The genome-wide (GW) significance threshold was determined by the Bonferroni correction of the significance level chosen for the analysis (0.05) for the total number of tested positions (43,390). Thus, the GW significant threshold, in negative logarithm with base 10, was set to 6. This approach is conservative since it does not account for the linkage disequilibrium (LD) between the SNP positions tested. Significant positions identified on the same chromosome were clustered into QTL regions (QTLR) on the basis of the correlations between phenotypes predicted by the QTL effects (\({\widehat{\mathbf{y}}}_{\mathbf{Q}\mathbf{l}}={\mathbf{Z}}^{\mathbf{q}}{\mathbf{V}}_{\mathbf{l}}^{\mathbf{S}}{\widehat{{\varvec{\upbeta}}}}_{\mathbf{l}}^{\mathbf{S}}+{\mathbf{Z}}^{\mathbf{q}}{\mathbf{V}}_{\mathbf{l}}^{\mathbf{L}}{\widehat{{\varvec{\upbeta}}}}_{\mathbf{l}}^{\mathbf{L}}\)) as proposed by Usai et al. [59]⁠.

Moreover, to appreciate the potential impact of a marker-assisted selection approach, the QTL variance for the most significant position of each QTLR was estimated by including in the animal models in Eqs. (2) and (3) the random effects of the identified QTL. To deal with the nonpositive definite nature of the IBD matrix \({\mathbf{Q}}_{\mathbf{l}}\) calculated at the QTLR peak position \({\text{l}}\), a positive definite submatrix (\({\mathbf{Q}}_{\mathbf{l}}^{\mathbf{p}\mathbf{d}}\)) was extracted from \({\mathbf{Q}}_{\mathbf{l}}\). To maximize the information captured by \({\mathbf{Q}}_{\mathbf{l}}^{\mathbf{p}\mathbf{d}}\), gametes included in \({\mathbf{Q}}_{\mathbf{l}}^{\mathbf{p}\mathbf{d}}\) were iteratively selected based on their impact on \({\mathbf{Q}}_{\mathbf{l}}\) and the IBD with the previously selected gametes. Then, each gamete carried by a phenotyped ewe was related to the gamete in \({\mathbf{Q}}_{\mathbf{l}}^{\mathbf{p}\mathbf{d}}\) with which it had the highest IBD probability.

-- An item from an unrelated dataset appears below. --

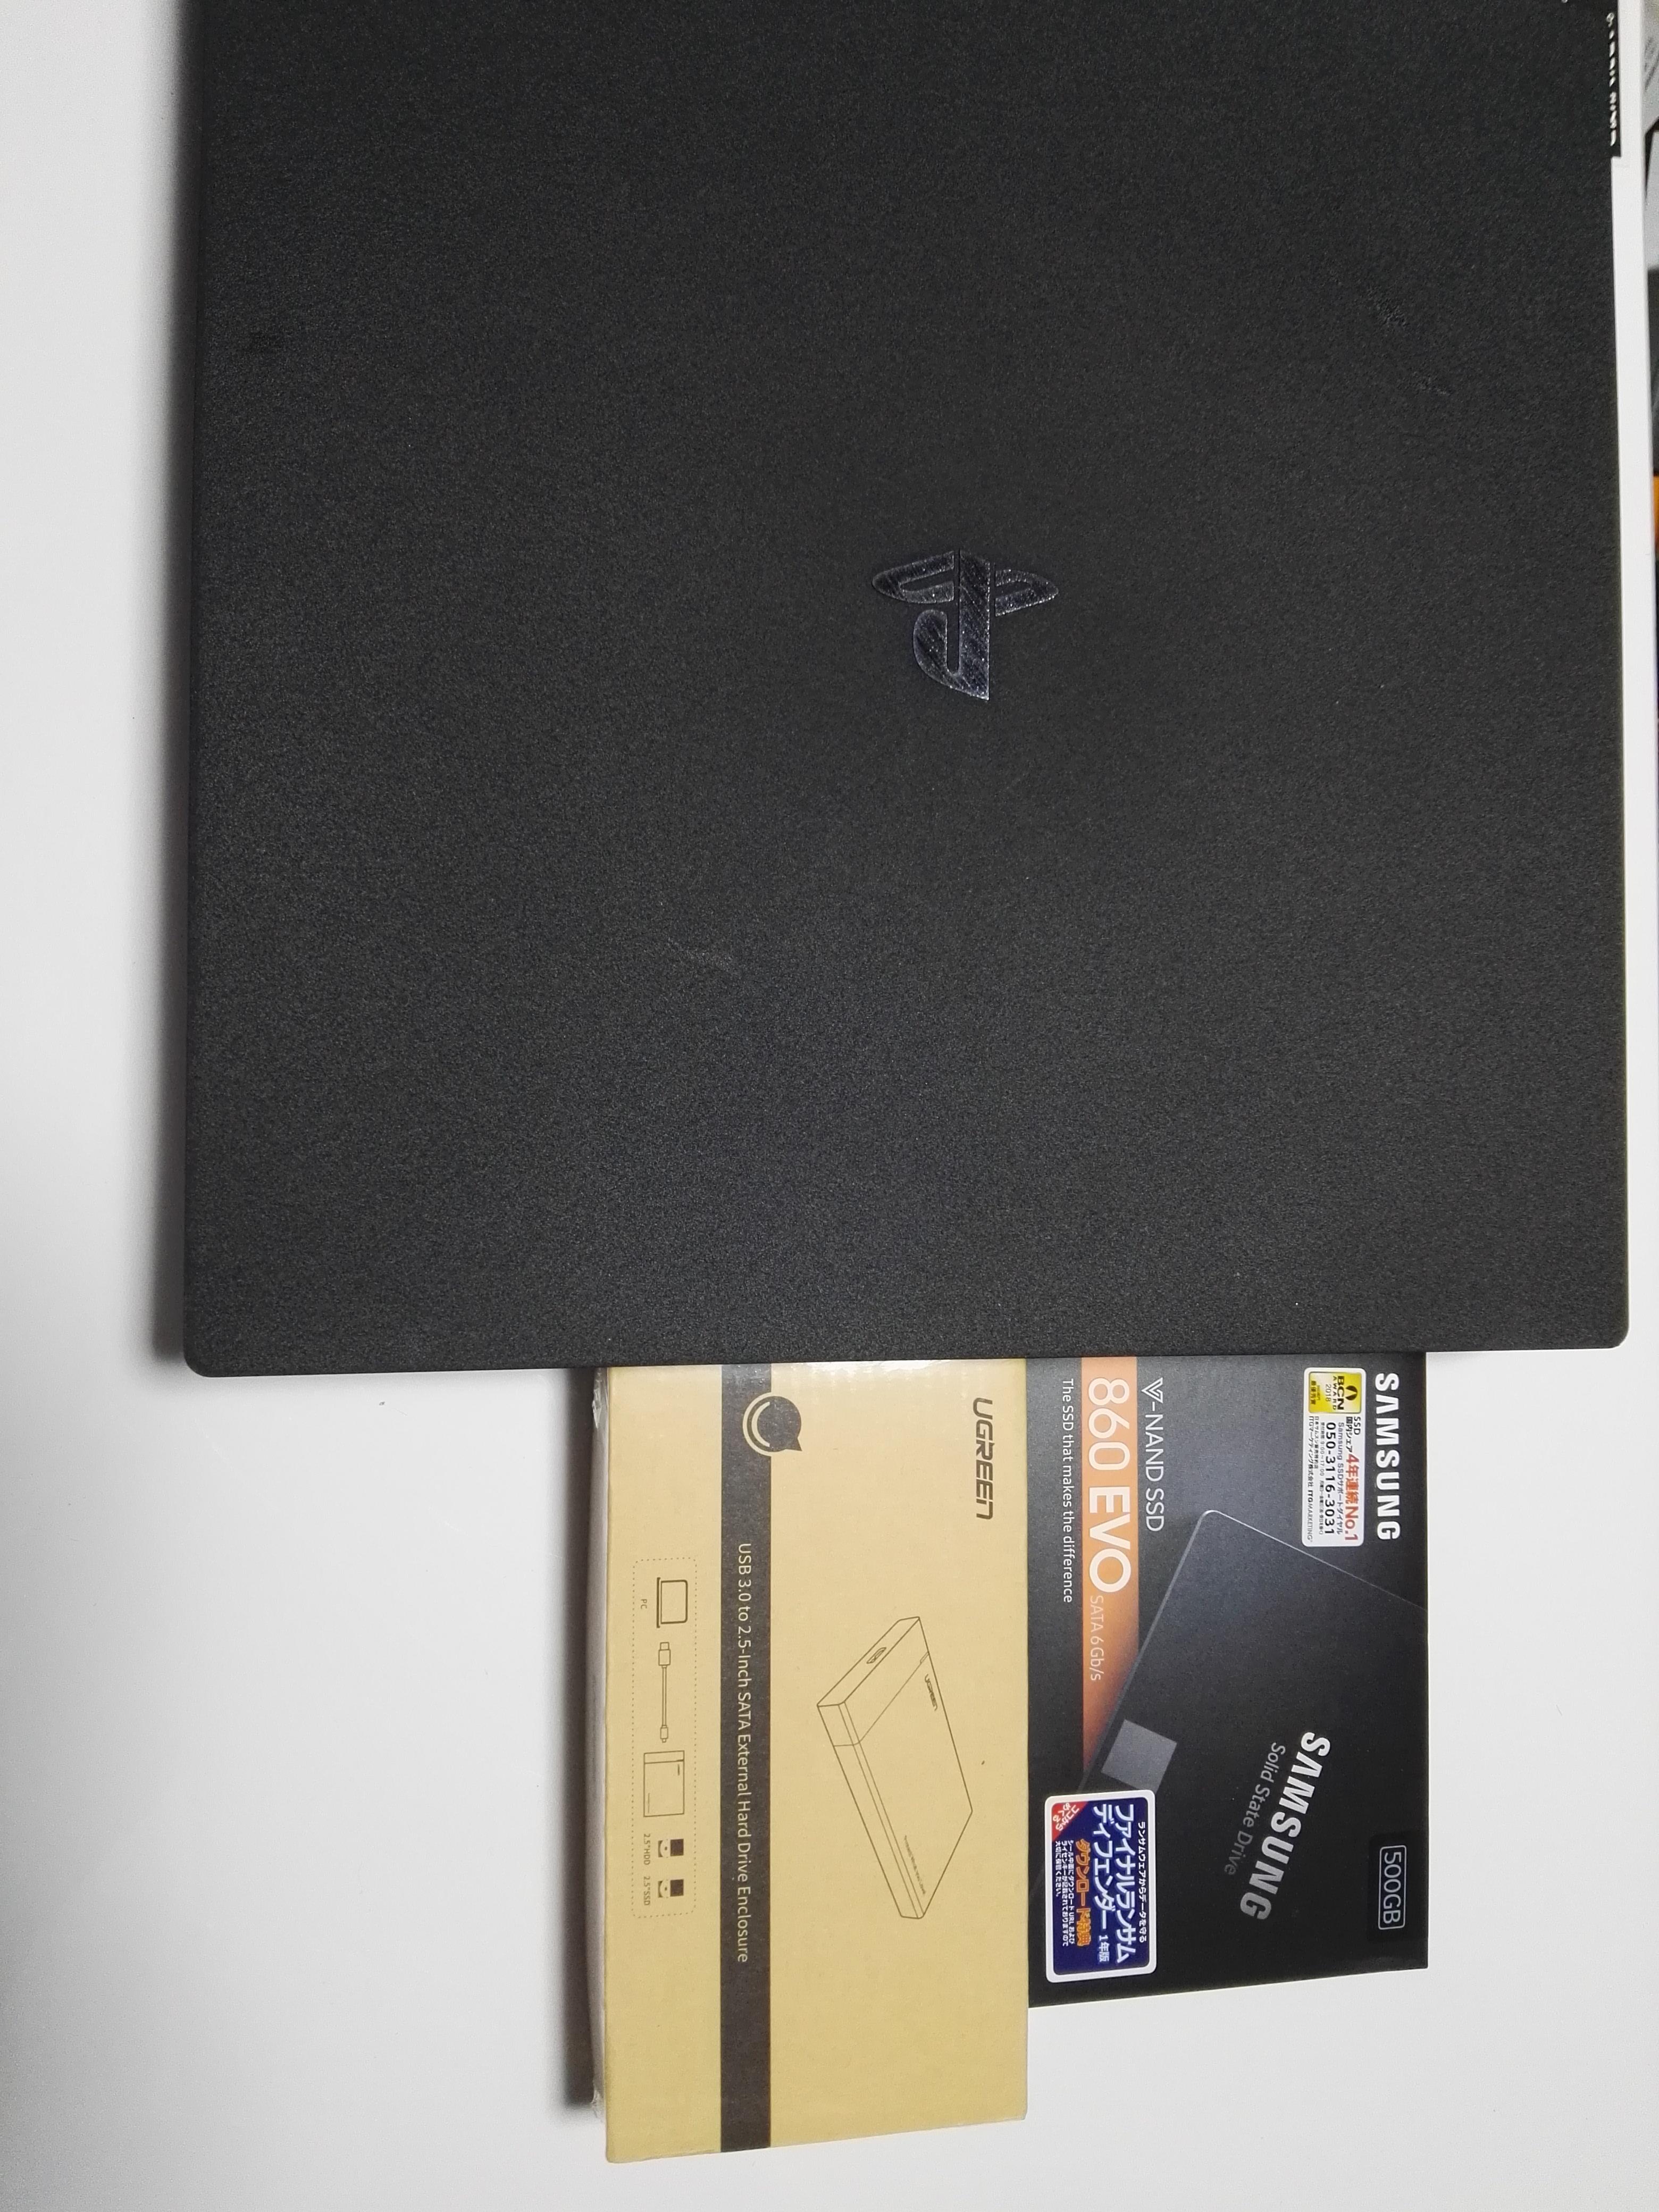 PS4 SSD 換装の手順

In our study, this latter probability was on average ~ 0.99 (± 0.05). Thus, the two variable-specific animal models in Eqs. (2) and (3) were updated as follows:

For CAR:

$$\mathbf{y}=\mathbf{1}\upmu +\mathbf{Z}\mathbf{g}+{\mathbf{Z}}_{\mathbf{l}}^{\mathbf{p}\mathbf{d}}{\mathbf{q}}_{\mathbf{l}}+\mathbf{e},$$
(6)

and for SP:

$$\mathbf{y}=\mathbf{1}\upmu +\mathbf{x}{\text{b}}+\mathbf{U}\mathbf{c}+{\mathbf{Wp}}+\mathbf{Z}\mathbf{g}+{\mathbf{Z}}_{\mathbf{l}}^{\mathbf{p}\mathbf{d}}{\mathbf{q}}_{\mathbf{l}}+\mathbf{e},$$
(7)

where \({\mathbf{q}}_{\mathbf{l}}\) is a vector of random effects of the selected gametes included in \({\mathbf{Q}}_{\mathbf{l}}^{\mathbf{pd}}\) and assumed to be distributed as \({\mathbf{q}}_{\mathbf{l}}\sim N\left({\mathbf{0}},{\mathbf{Q}}_{\mathbf{l}}^{\mathbf{pd}}{\upsigma }_{{\text{ql}}}^{2}\right)\); \({\upsigma }_{{\text{ql}}}^{2}\) is the variance of the QTL; \({\mathbf{Z}}_{\mathbf{l}}^{\mathbf{p}\mathbf{d}}\) is an incidence matrix relating the paternal (maternal) gamete of the phenotyped ewes with \({\mathbf{Q}}_{\mathbf{l}}^{\mathbf{p}\mathbf{d}}\); the remaining elements of Eqs. (6) and (7) are the same as in Eqs. (2) and (3). Variance components were estimated by a REML procedure through the airemlf90 software [72]⁠.

Analysis of sequence data

Quantitative trait loci regions as defined above were further investigated using information from WGS data. Biallelic SNPs passing the filtering and falling in these target QTLR were extracted from the assembled sequences of the 56 resequenced animals (WGS SNPs). Then, the parental gametes of the phenotyped ewes were imputed from 50 K data to WGS by the procedure proposed by Usai et al. [74]. The imputation procedure consisted of a first step where the phase of each parental gamete \({\text{k}}\) (where \({\text{k}}=1\) or \({\text{k}}=2\) identify the paternal or maternal transmitted gamete, respectively) carried by the sequenced animal \({\text{j}}\) (\({{\text{h}}}_{{\text{jk}}}^{{\text{s}}}\)) was iteratively reconstructed by estimating the probability of carrying the reference \({\text{P}}\left({{\text{h}}}_{{\text{jkl}}}^{{\text{s}}}={\text{R}}\right)\) and the alternative \({\text{P}}\left({{\text{h}}}_{{\text{jkl}}}^{{\text{s}}}={\text{A}}\right)\) allele at each WGS SNP position \({\text{l}}\). These probabilities were conditioned to the genotypic information from sequencing and the IBD between gametes of sequenced individuals at the neighboring 50 K SNP positions.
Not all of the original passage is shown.